AI agents are getting ridiculously powerful. But most of us still experience them as... chatbots. Text in, text out. Maybe an image if we’re lucky. This is fine for summaries, but falls apart when we need actual analysis, interactive visuals, or domain-specific tools. To solve this, we started building a collection of interactive elements that LLMs can speak into existence, and a client can auto-detect and render. Instead of a wall of text, the same answer becomes a chart, a knowledge graph, a KPI, or anything else we can imagine.

Why chat alone isn’t enough¶

Use an LLM-heavy product for more than a few minutes and you’ll notice a pattern:

The model gives a great answer.
You immediately copy‑paste it somewhere else.
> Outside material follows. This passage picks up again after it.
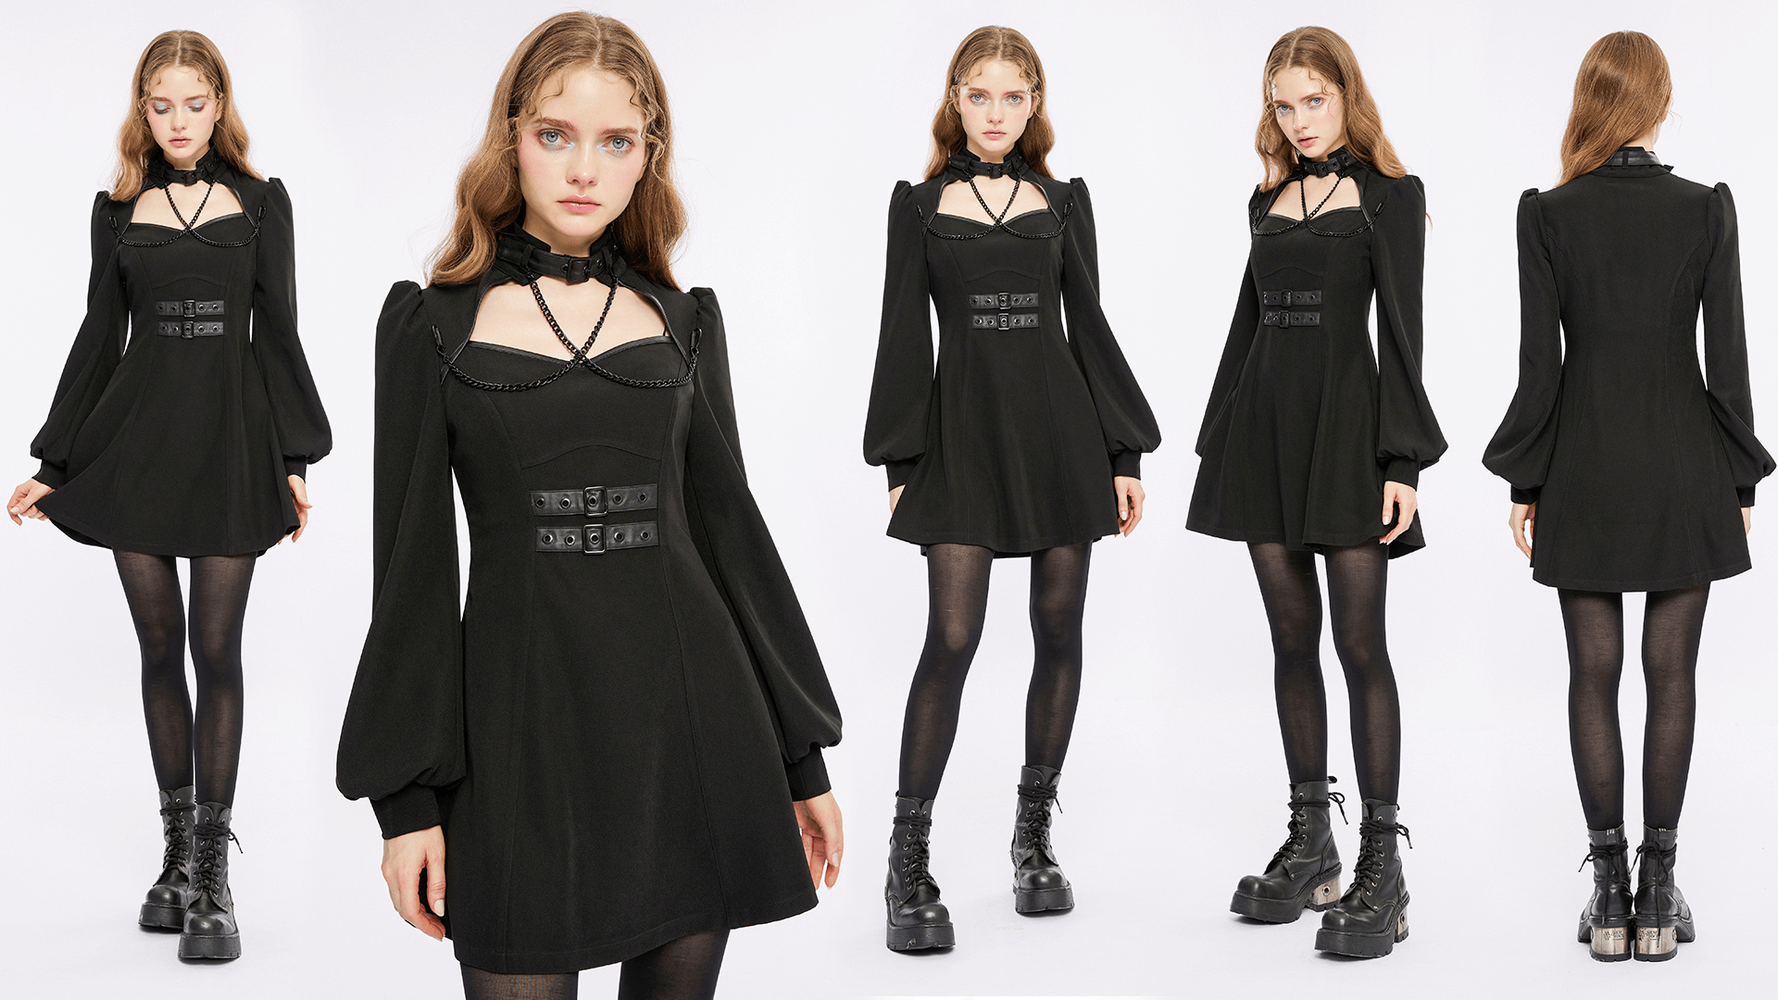 Punk Rave Black Gothic Techwear Dress with Chain and Clasps

Sheets for analysis, graph tools for relationships, slides for presentations. The real work happens outside the conversation. The chat window is just a text generator. We wanted the chat itself to become the workspace. That meant the model had to return more than paragraphs. It needed to return artifacts: things the UI could render, query, and reuse. Our apprach consists of two pieces:

A vocabulary of artifacts Types like bar_chart, knowledge_graph, kpi, sankey_diagram, etc. Each one has:
- a representative codefence
- a renderer component (React, web component, etc).
A way for the model to emit them We use semantic code fences inside normal chat messages, e.g.:

{ ...JSON... }

{ ...CSV... }

The model doesn't “talk to the UI” directly. It just returns text that contains little islands tagged with artifact types that the frontend understands. It scans for these fences, validates the content against the schema for that type, and hands it off to the right renderer. To the user, it looks like the chatbot reply contains a live chart or graph they can play with.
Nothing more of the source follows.